As Tom pointed out, there will have to be some limit on the number of caps transferred, just to get a bounded and not too large WCET, but that limit can probably be quite a bit larger than 1.

How many would your application need at most, and more generally speaking, what would you think is a good limit?

I reviewed all of Genode's RPC interfaces. The maximum number of Genode-capability arguments per RPC call is 2. If I represent each Genode capability by a triple of seL4 endpoint capabilities, the kernel would need to support the delegation of up to 6 seL4 caps. Regarding the interface, let me share my experience with other kernels. The receiver needs a way to declare the designated names for the received capabilities. Other kernels (such as NOVA and Fiasco.OC) allow the receiver to specify a single naturally-aligned "receive window" within the receiver's capability space. All delegated capabilities will end up within the window. In my experience, this approach is far from perfect. Since the receive window must be void of any existing capability (i.e., NOVA does not allow "overmap"), the receiver has to allocate a completely free window dimensioned (and aligned) with the maximum number of capabilities to expect, e.g., 4. If a capability comes in, it will populate the first slot of the receive window but the other 3 slots will remain empty. Because the window is polluted with a cap now, the receiver needs to allocate an entirely new window for the next IPC. Consequently, this approach tends to populate the receiver's capability space quite sparsely and wastes capability slots.

...

From my perspective, it would be much better if the receiver was able to specify a 'ReceivePath' for each individual capability. The receiver could thereby allocate each index individually instead of allocating a window of consecutive indices.

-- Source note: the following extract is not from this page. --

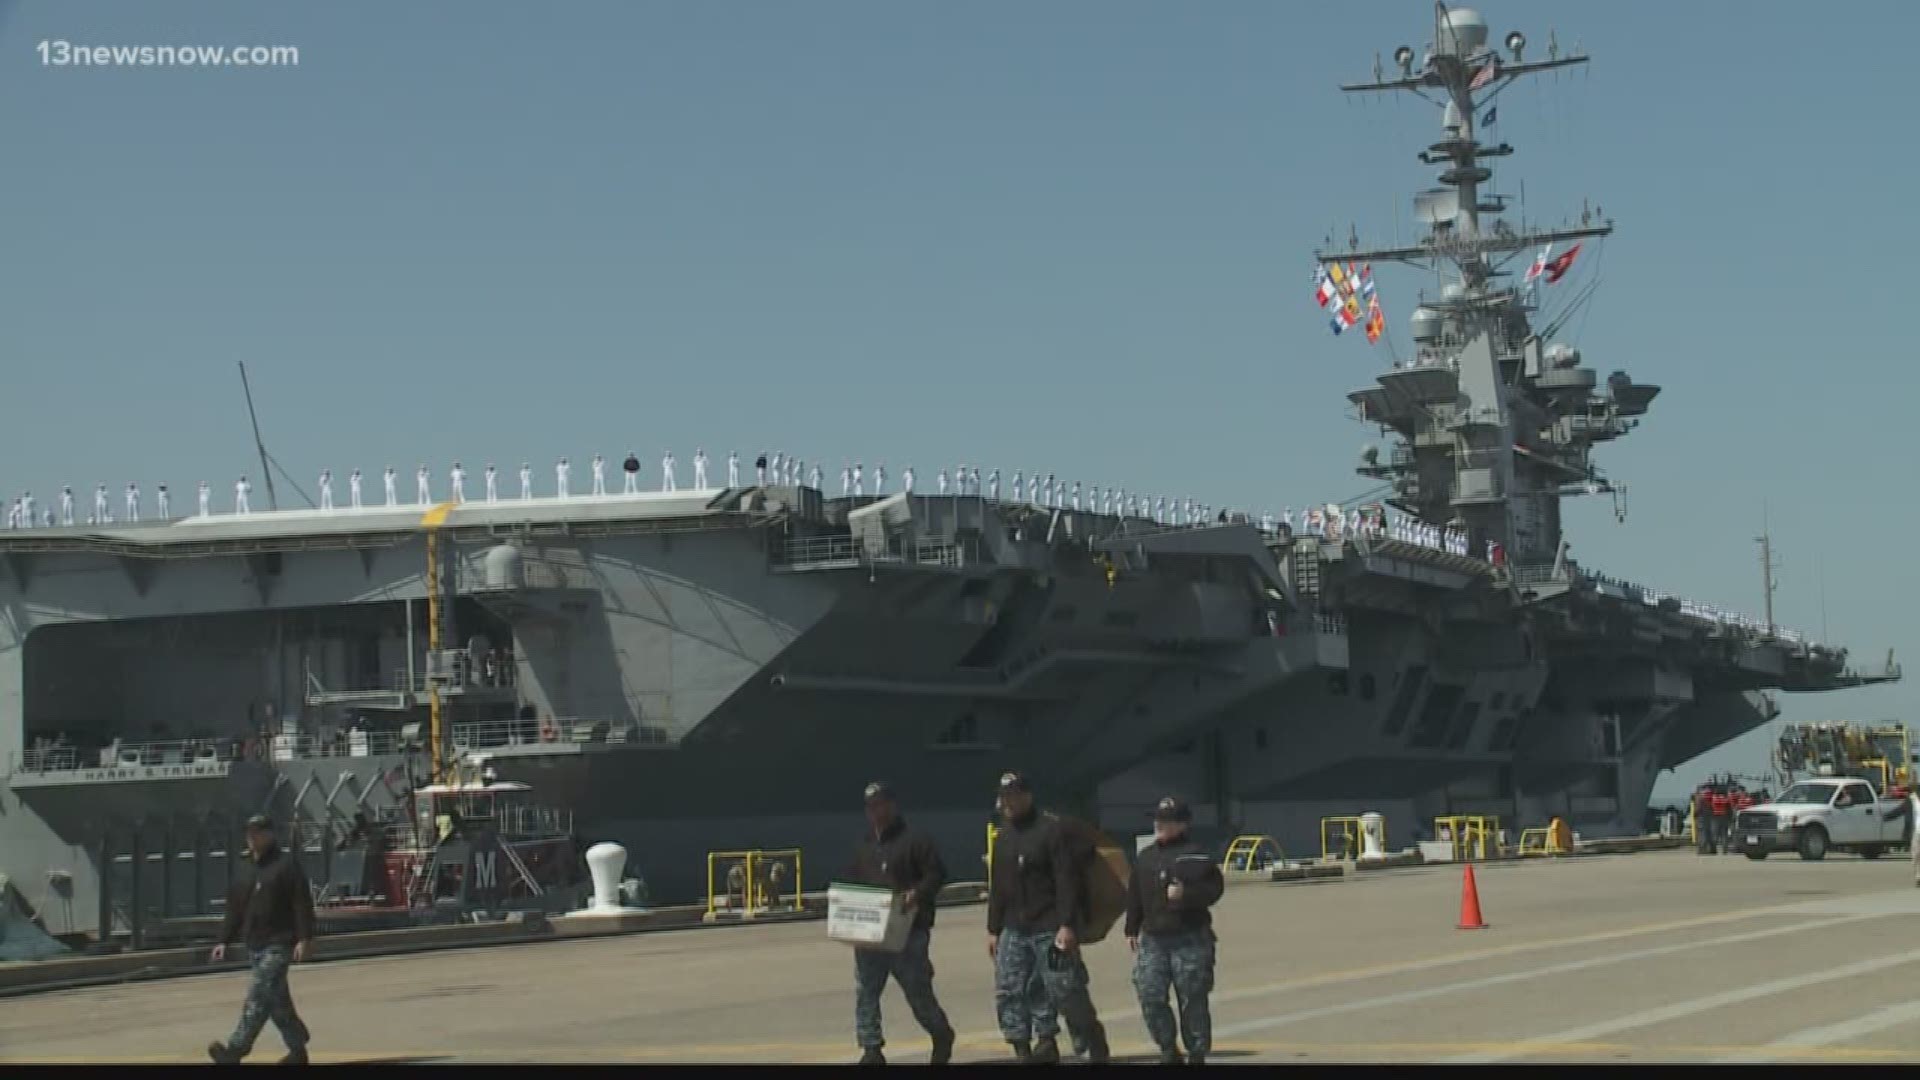 More than 65-hundred sailors from the USS Harry S. Truman carrier strike group are on their way overseas

Thanks again for discussing my request within your group. I look forward to the outcome of it. Cheers Norman -- Dr.-Ing. Norman Feske Genode Labs http://www.genode-labs.com · http://genode.org Genode Labs GmbH · Amtsgericht Dresden · HRB 28424 · Sitz Dresden Geschäftsführer: Dr.-Ing. Norman Feske, Christian Helmuth

Gernot Heiser

11:39 a.m.

Norman, Thanks for the explanation. Yes, the receive window is very V2-ish, and has distasteful side effects. The receiver clearly needs more control. Which means that things get ore complicated when more caps are supported. I’d like to understand the specific use cases better. I accept that one cap isn’t enough, there are likely unsolvable races, which require >1 caps to be transferred atomically. My intuition is that 3 should enough to solve all fundamental problems, and anything beyond that boils down to efficiency arguments/trade-offs. Gernot

...

On 12 Feb 2015, at 22:19 , Norman Feske <norman.feske@genode-labs.com> wrote:

Hi Gerwin,

...
we’ll have an internal discussion whether we can allow more cap transfers in one IPC. I don’t remember any fundamental limitation there, but we’ll need to dig into it a bit.

great that you are considering this change!

...
As Tom pointed out, there will have to be some limit on the number of caps transferred, just to get a bounded and not too large WCET, but that limit can probably be quite a bit larger than 1.

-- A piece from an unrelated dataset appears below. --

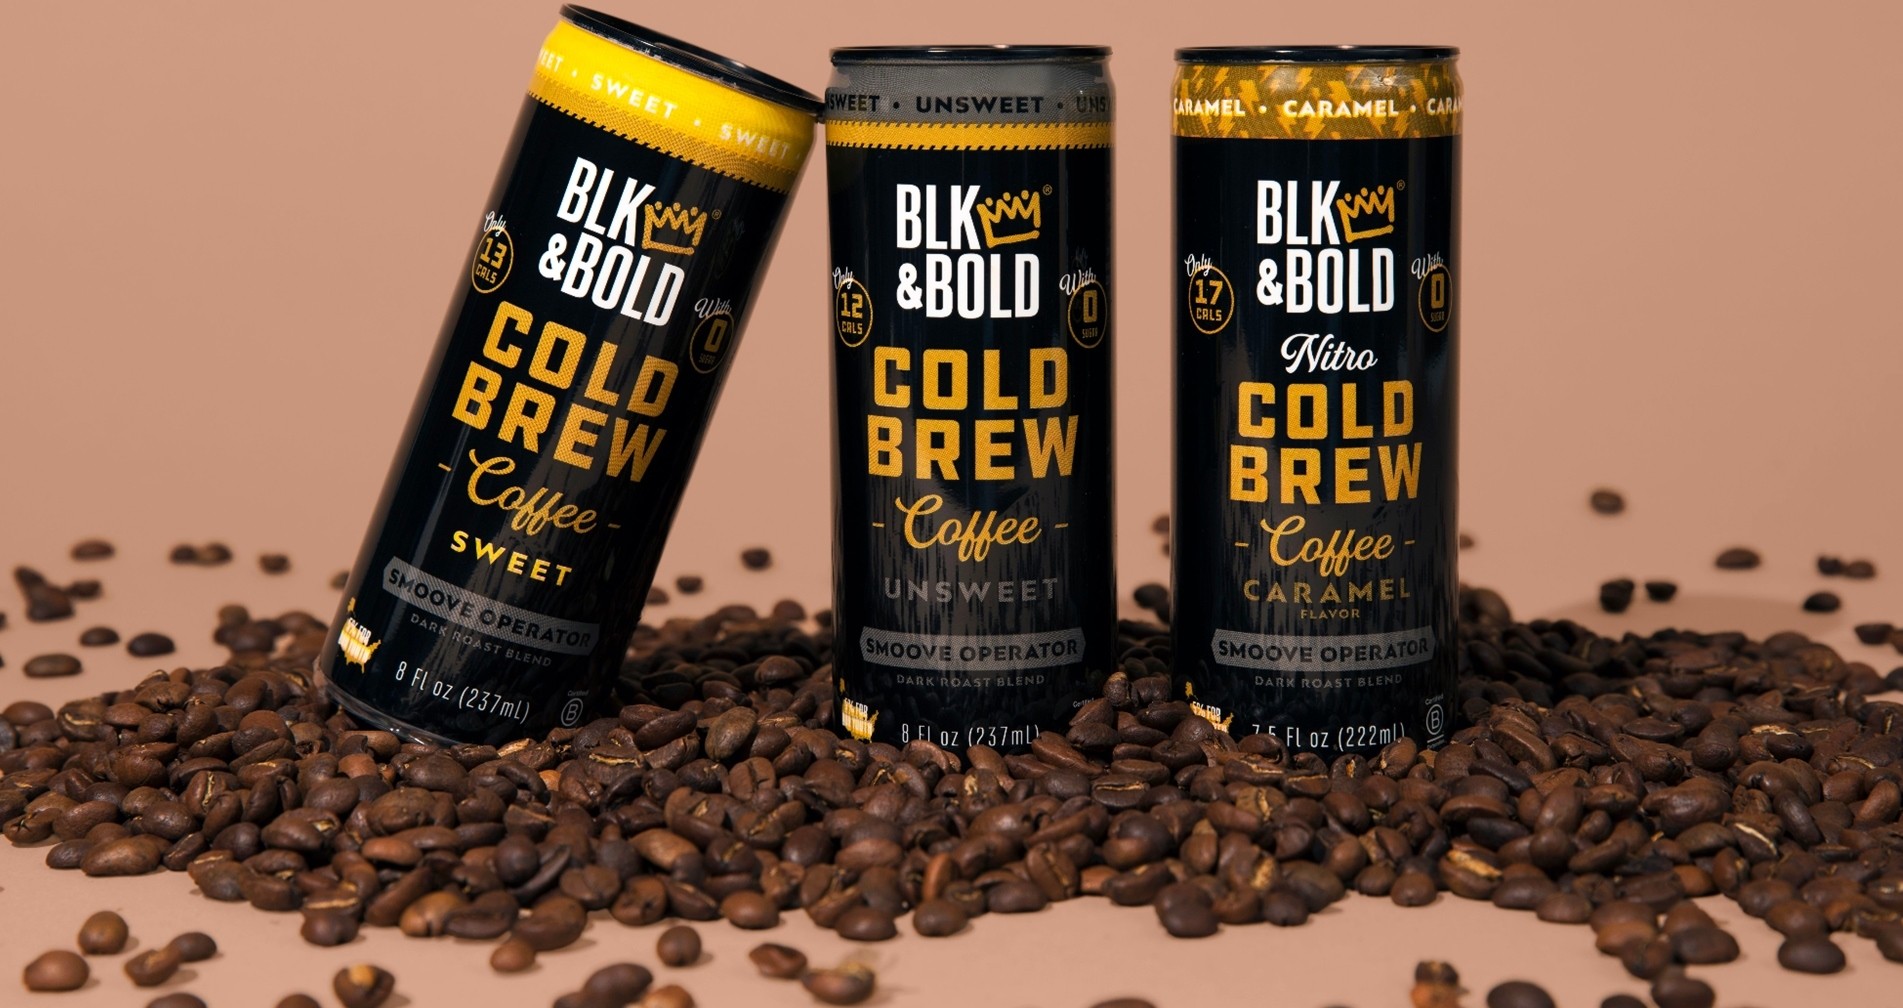 BLK & Bold Welcomes Summer With Nitro Sweet Cold Brew Flavor

How many would your application need at most, and more generally speaking, what would you think is a good limit?

I reviewed all of Genode's RPC interfaces. The maximum number of Genode-capability arguments per RPC call is 2. If I represent each Genode capability by a triple of seL4 endpoint capabilities, the kernel would need to support the delegation of up to 6 seL4 caps.

Regarding the interface, let me share my experience with other kernels. The receiver needs a way to declare the designated names for the received capabilities. Other kernels (such as NOVA and Fiasco.OC) allow the receiver to specify a single naturally-aligned "receive window" within the receiver's capability space. All delegated capabilities will end up within the window. In my experience, this approach is far from perfect. Since the receive window must be void of any existing capability (i.e., NOVA does not allow "overmap"), the receiver has to allocate a completely free window dimensioned (and aligned) with the maximum number of capabilities to expect, e.g., 4. If a capability comes in, it will populate the first slot of the receive window but the other 3 slots will remain empty. Because the window is polluted with a cap now, the receiver needs to allocate an entirely new window for the next IPC. Consequently, this approach tends to populate the receiver's capability space quite sparsely and wastes capability slots.

From my perspective, it would be much better if the receiver was able to specify a 'ReceivePath' for each individual capability. The receiver could thereby allocate each index individually instead of allocating a window of consecutive indices.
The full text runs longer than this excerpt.